The final, held on October 27, was Carlsen's last public tournament appearance before the classical World Chess Championship 2016. Carlsen won the first segment by a score of 5½-3½, and extended his lead with a 5-2 win in the next segment. Although Nakamura won the final segment by a score of 5-4, Carlsen still won the match convincingly thanks to his wins in the first two segments.

=== 2025 ===
The matches in the first two rounds, being held from October 13 to December 4, consisted of 75 minutes of 5 minute games, 50 minutes of 3 minute games, and 25 minutes of 1 minute games.
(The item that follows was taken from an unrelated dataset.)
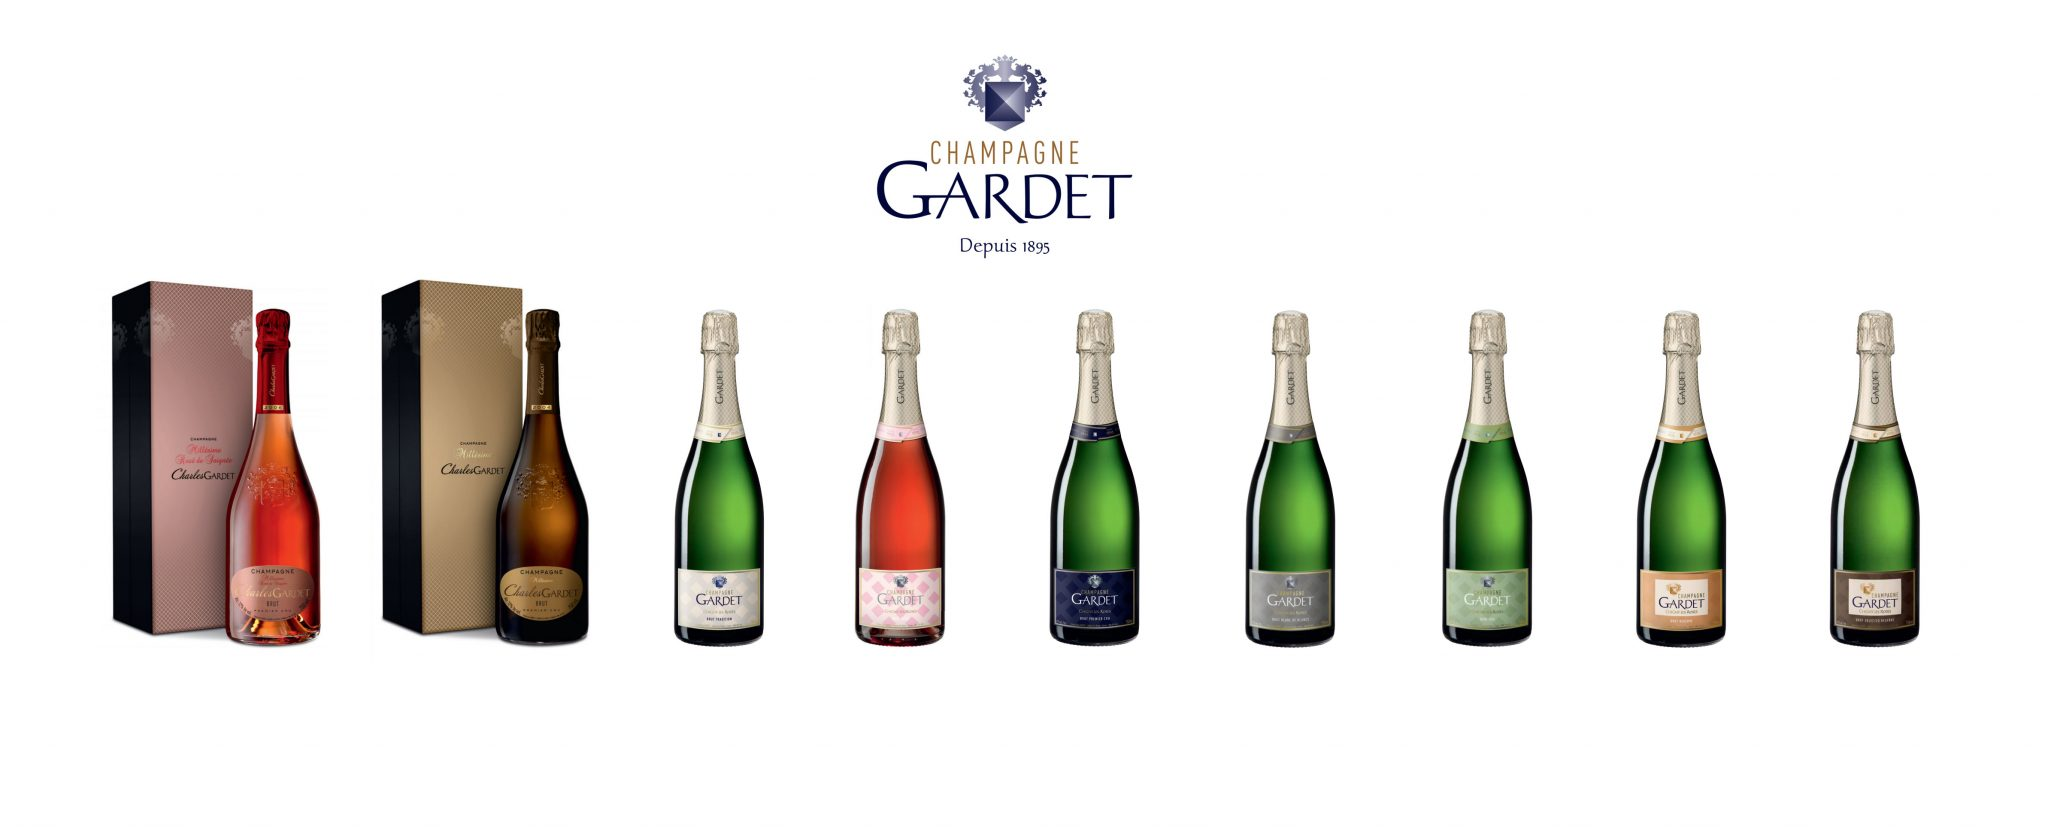 Champagne Charles Gardet

In the semifinals and finals, which were held live in London on February 7–8, 2026, the segments were 90, 60 and 30 minutes long respectively. All the games had an increment of 1 second. Eight players qualified via Titled Tuesday tournaments, while the rest were invited. The prize fund was $250,000. The top three players qualified for the 2026 Esports World Cup.